Williams will bring all of this experience to bear in his new role, said Ed Wyszmuiala, general manager of dietary supplement programs for NSF.
“It’s a win for us but it’s also a great win for industry,” Wyszumiala told NutraIngredients-USA.
“I think we are going to see some changes in the program,” he said. “Companies that are audited right now will start to see some additional questions being asked.”
NSF recently suffered a dent in the reputation of its GMP certification program when a company named Beehive Botanicals that had been given a clean bill of GMP health by NSF shortly thereafter received a warning letter from FDA over GMP violations. At that time, Wyszumiala identified “auditor calibration” as one of the things NSF was looking into to try to explain what went wrong in that case. “Auditor calibration,” or making sure that auditors remain current on regulations and on FDA’s current thinking on GMP compliance, is one of the things that Williams can help improve, Wyszumiala said.

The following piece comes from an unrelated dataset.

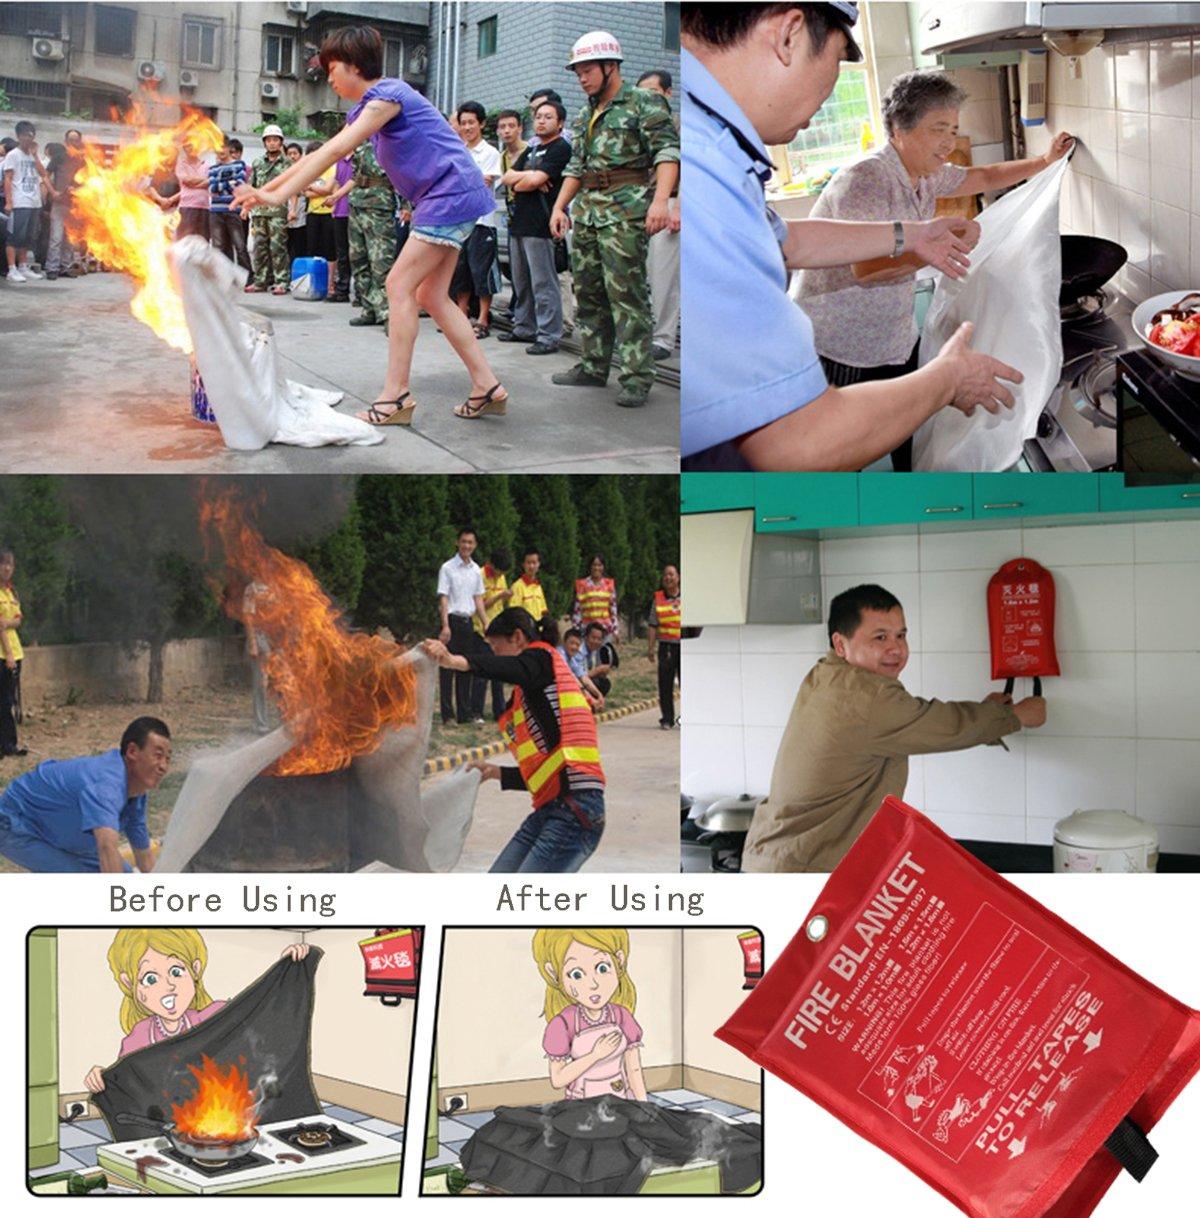 caleqi 1,2 m x 1,2 m manta ignífuga de suave caso cumple con la normativa EN 1869: 1997-give un par de guantes antideslizantes.: Amazon.es: Bricolaje y ...

“We are looking at additional training classes for auditors and additional training classes for industry,” he said.
In the end, it’s FDA’s view that matters
In a slightly ironic note, his recent role with FDA Williams did many presentations to industry on GMP compliance. One of the slides he’d often show was festooned with logos (including an NSF logo) that companies use to advertise that they’d received GMP certification from a third party group. His message to industry in those presentations: Don’t assume that having one of these certifications means you will pass a GMP inspection. Our inspectors are there to inspect your facility, not your certifications.
“I think his message was, at the current moment they are not going to accept an outside third party certification in lieu of their own work,” Wyszumiala said.
“What we want to make sure is that our certification is the best it can be. (Having Williams on staff) will make sure that it will have that FDA feel to it and the work we do will match FDA’s expectations for industry,” he said.